Jan 20 2015
Cloud

How DOD Is Navigating the Cloud Landscape

Cost, performance and security are driving DOD’s move into the commercial cloud space.

The Department of Defense’s vision for cloud computing is about more than hosting public websites and data in commercial facilities.

DOD is pursuing several opportunities for migrating sensitive military data to the cloud to reduce costs and boost performance. Options include cloud hosting in facilities outside the United States, moving defense enterprise cloud services such as email to a commercial environment, and modernizing milCloud, the Defense Information Systems Agency’s (DISA) private cloud offering.

“As we work through using commercial providers, DOD CIO is going to make a determination as to whether or not those commercial providers can be used for all unclassified workloads, even national security systems,” DISA’s Chief Technology Officer David Mihelcic, told FedTech during the Federal Cloud Computing Summit in Washington, D.C., last week. “National security systems are things that, even if unclassified, are defined as mission critical. They are things that DOD needs to go to war.”

“So that balance is going to be examined and reexamined,” he said of the decision to move national security systems to the cloud.

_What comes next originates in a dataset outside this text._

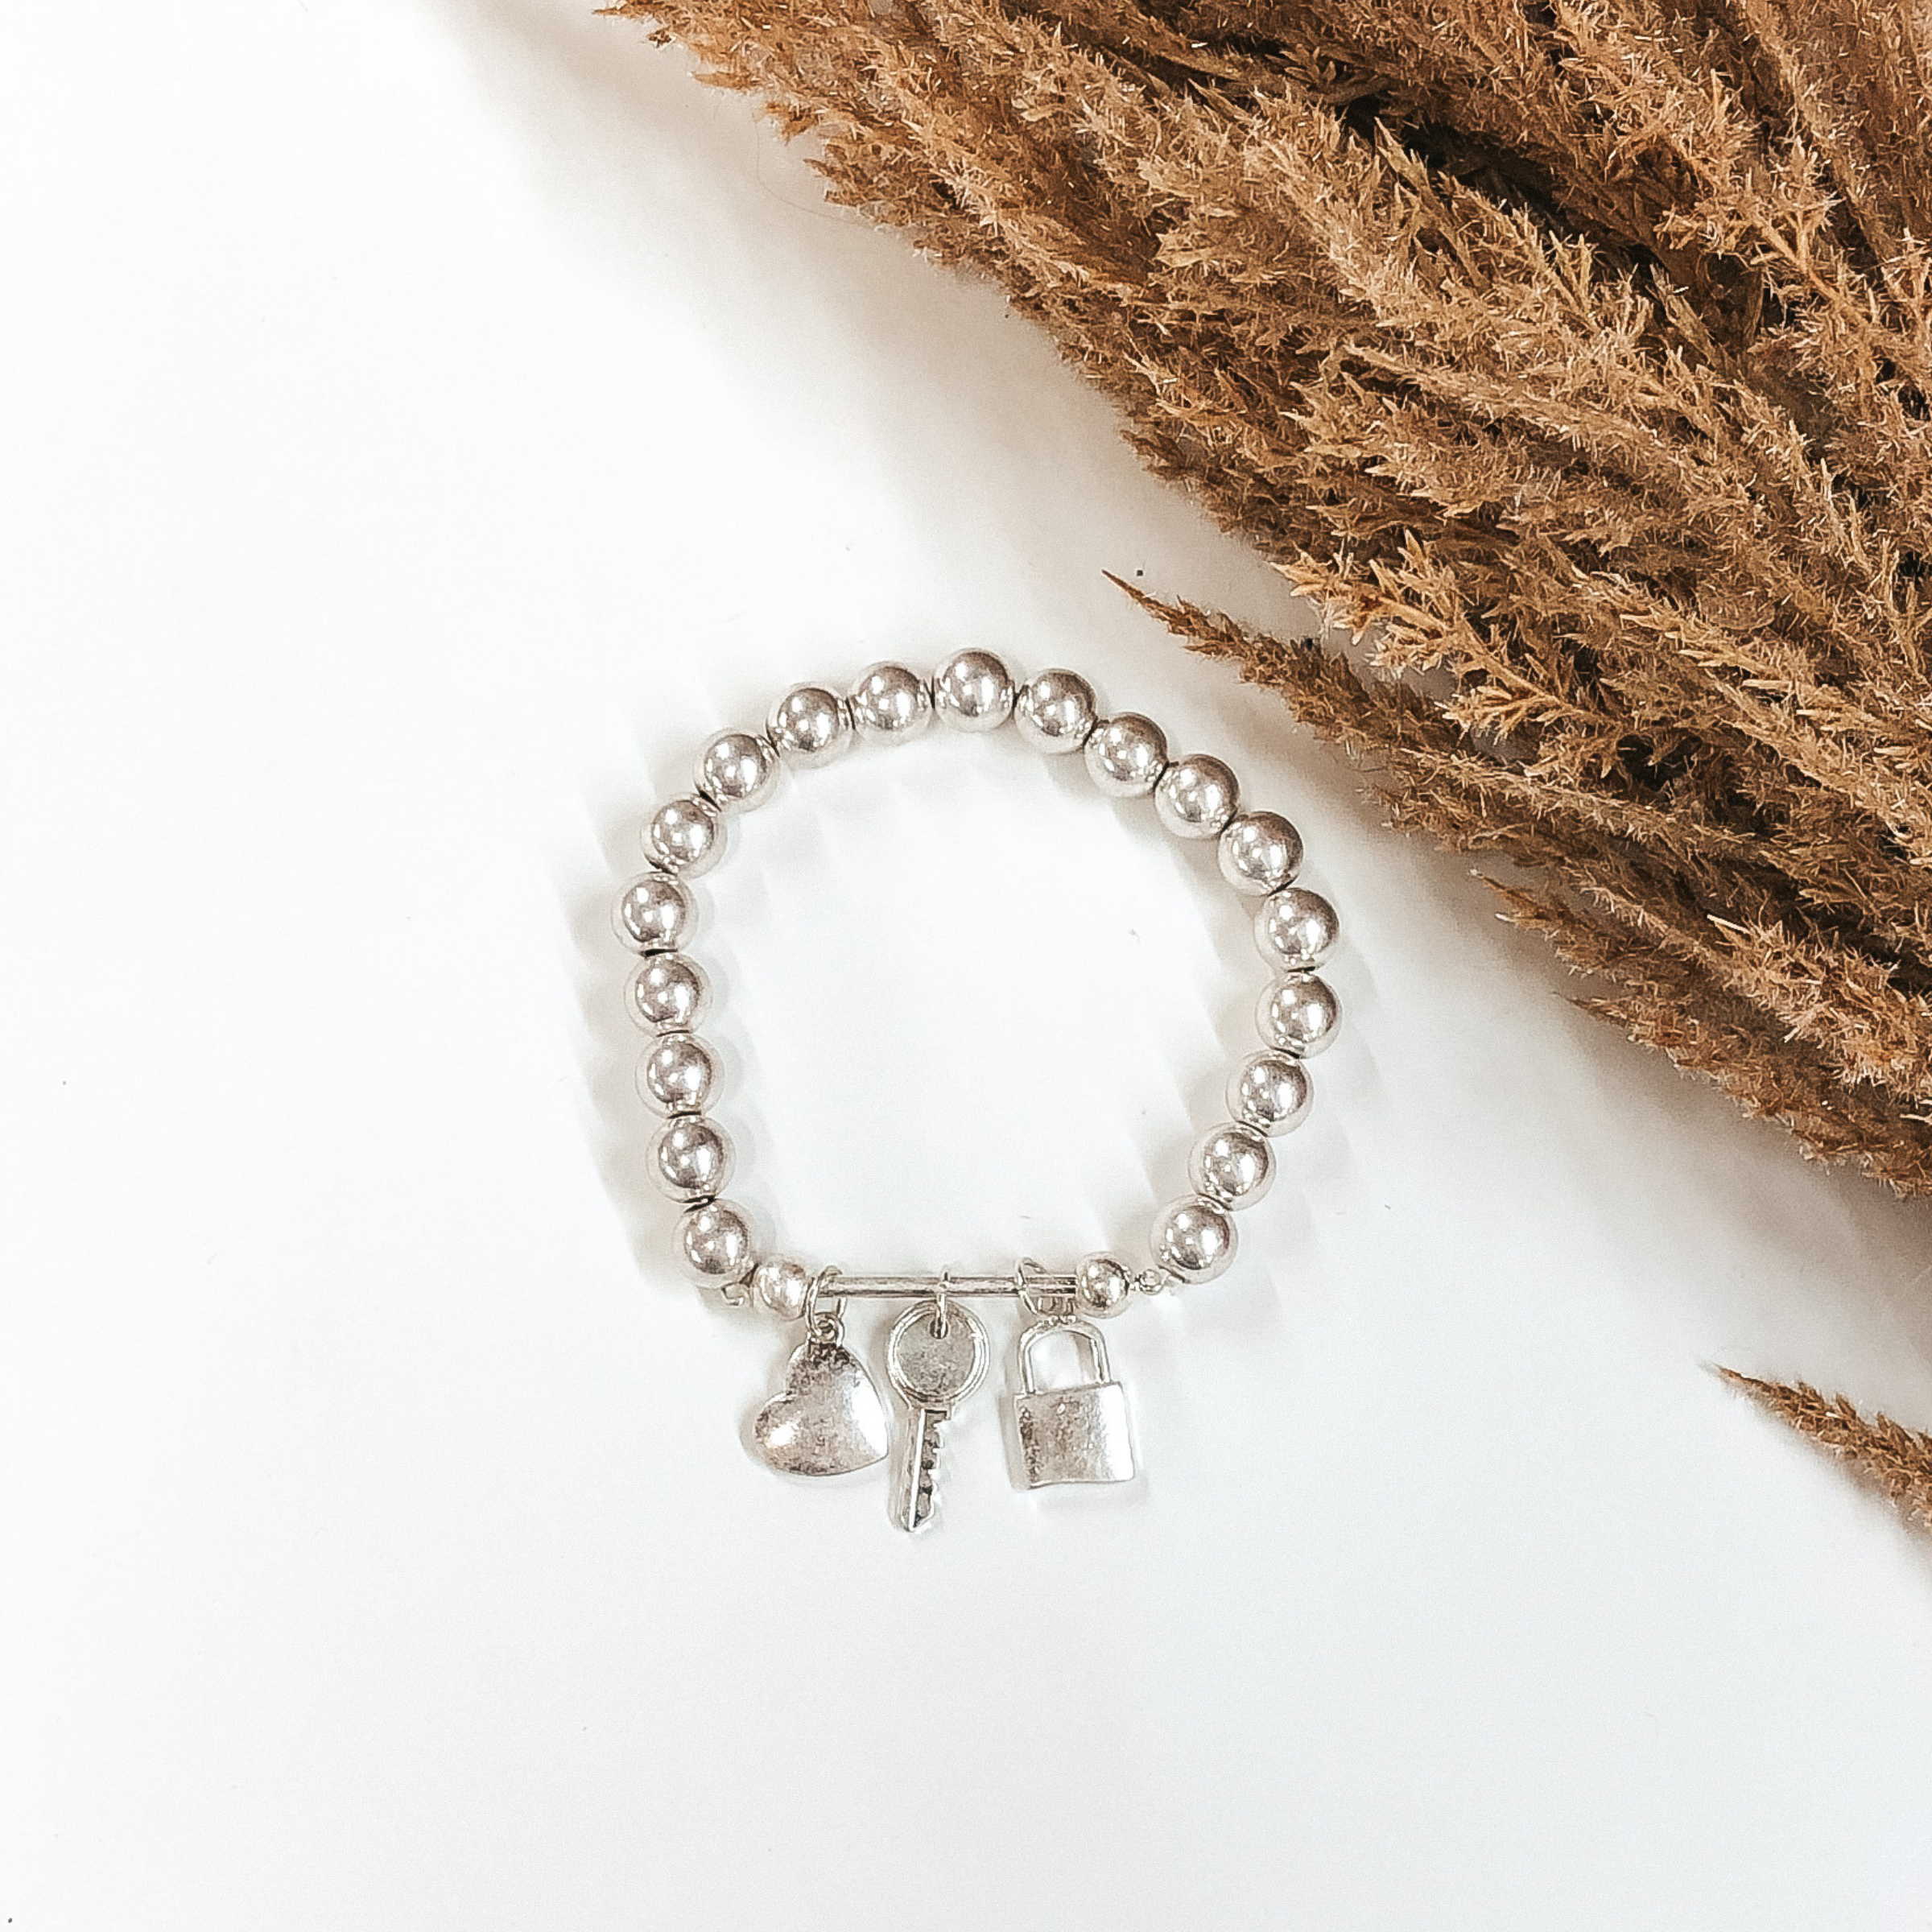 Lock Up Your Heart Bracelet in Silver - Giddy Up Glamour Boutique

Until now, DOD required any sensitive unclassified data be hosted in a private cloud dedicated to the department. Last week, DOD released updated security requirements for hosting military data in the cloud.

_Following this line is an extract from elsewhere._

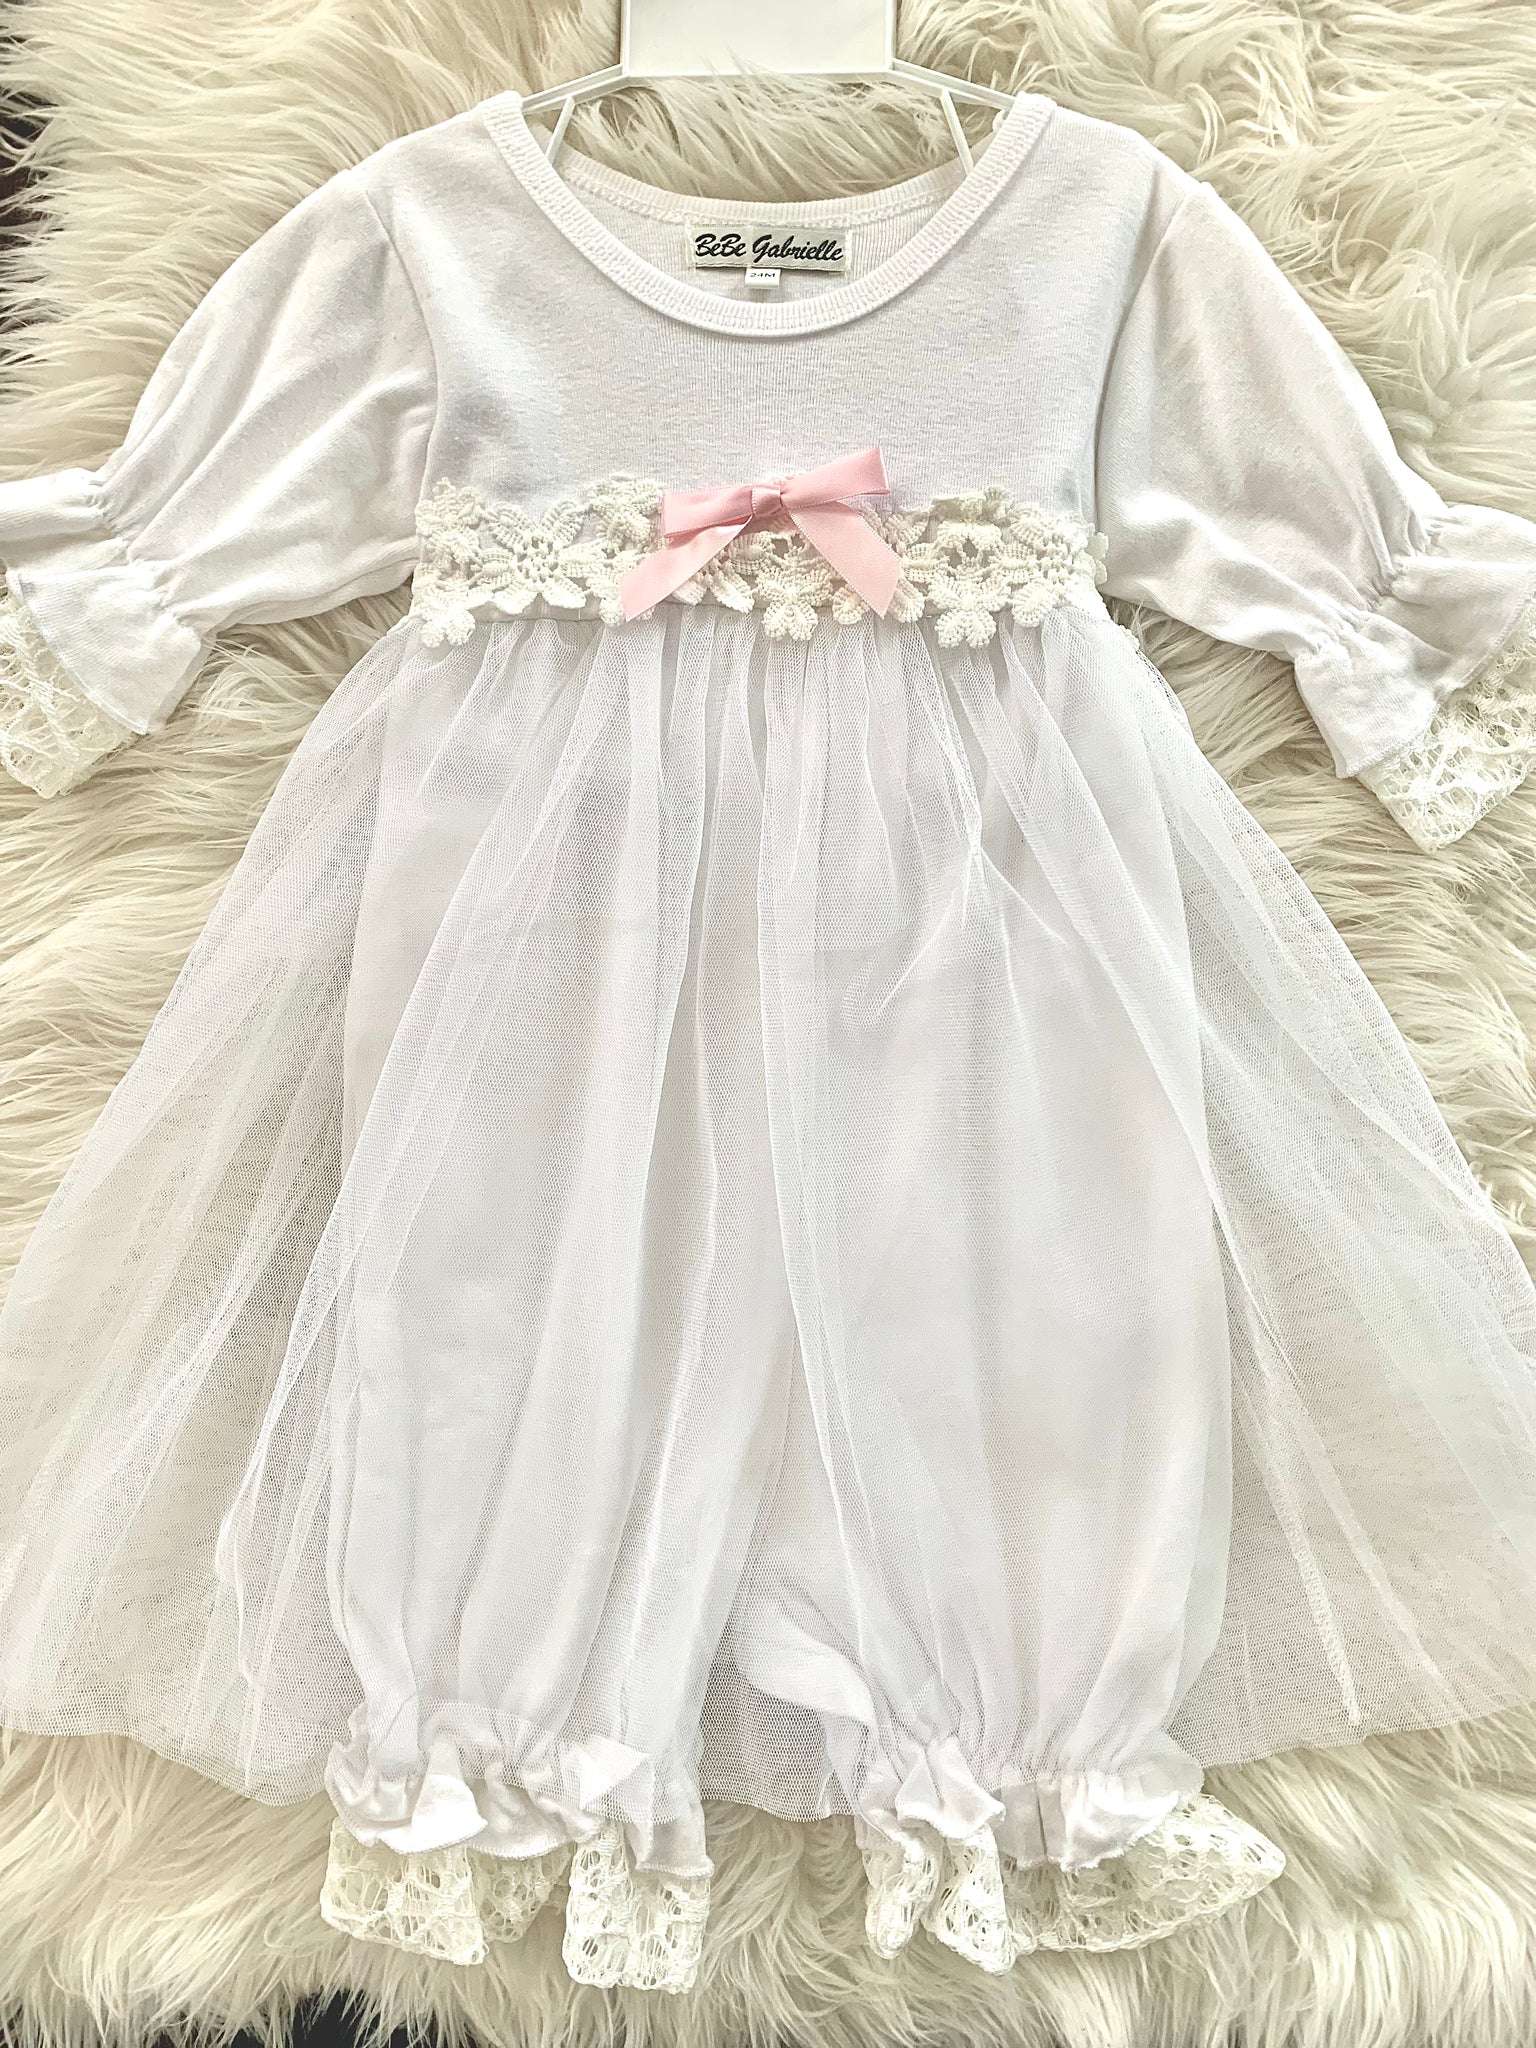 White Lace and Pink Cotton Dress with Bloomers

“This SRG [Security Requirements Guide] really modifies that concept, so now sensitive but unclassified data can be processed in a[n] external cloud, a government cloud or potentially even a public cloud that meets our requirements,” Mihelcic explained.

Modernizing DISA’s milCloud

One of the features that makes DISA’s milCloud an attractive option is that can be used for classified workloads and for hosting national security systems at the unclassified level. DISA plans to analyze how best to evolve milCloud in the future, Mihelcic said. “Do we want to sunset that capability? Do we want to acquire an integrated cloud stack that will be government operated in the future? Or do we want to do something like the CIA has done — let a managed services contract to a cloud provider and have them bring their capability on our premise? Or potentially for us to extend our network into their premise and for them to operate that in a dedicated fashion.”

The only way a commercial vendor would be able to provide classified capabilities for DOD is in a private cloud, Mihelcic said. They would have to set aside dedicated infrastructure and meet DOD security requirements for physical, personnel and communications security. One example is the CIA’s commercial cloud services contract award to Amazon.

This is not a competition between DISA and commercial cloud offerings, Mihelcic said. In fact, milCloud is based on servers from HP, networking gear from Cisco and virtualization capabilities from VMware, all of which are vendors that DISA had been working with.

“There is plenty of business for everyone,” he said.

DISA is in the final phases of a pilot with the Air Force and U.S. Strategic Command to determine the feasibility of offering services such as Defense Enterprise Email in a commercial cloud space.

“That will be one of the things in our kit bag moving forward,” Mihelcic said. “So for unclassified users in the continental United States, it may be that we’ll leverage commercial cloud for provisioning email in the future. And for classified users or for our deployed users, we may still have a dedicated DOD cloud for that.”

Connecting Cloud Workloads to DOD’s Network

For military data hosted in government or public clouds, DISA has a methodology for connecting those clouds into the DOD network through what is called a cloud access point.

Mihelcic defines cloud access points as the security functionality that enables the department to inspect traffic coming to and from workloads in the cloud. The capability enables DOD to detect and mitigate malware, hostile attacks and other malicious activity. “So we have government-purpose-built technology to do that that has been actually operational at the boundaries to the DOD network for more than 10 years at this point, and now it’s being applied to this cloud access point,” he noted. “The other piece that it’s going to do moving forward, it’s going to give us a way to rapidly provision cloud providers onto the DOD network.”

For Mihelcic, seconds, minutes or even a day would be a big improvement compared with the weeks or months it takes DOD users to place a call order against an existing contract and get cloud capacity.

DISA Eyes the Navy’s Partnership with IBM

As the entity charged with tracking how DOD operates cloud connection points and what technology is operating across the network, DISA is exploring private cloud deployment models that would put commercial cloud technologies in DOD data centers or adjacent to them.

One option could be a path the Navy is charting with IBM at the Allegany Ballistics Laboratory (ABL) in Rocket Center, W. Va. IBM has a contract to operate a data center there and is standing up a cloud capability at the sensitive but unclassified level that will potentially be able to host level 4 data and level 5 national systems, Mihelcic said.

“That may be a pathfinder for how we want to do cloud computing in the future,” he added.

DISA is also exploring arrangements where providers would lease space in a DOD facility and provide cloud capabilities.

Currently, the requirement is to keep military data in U.S.-based data centers so DOD maintains data sovereignty, meaning a government in a foreign country can’t take possession of the data. Through enhanced leased agreements, DOD could maintain data sovereignty by allowing industry to rent or build space on its properties overseas.

“We’re just looking at the best trade-off in terms of security, cost and performance,” Mihelcic said.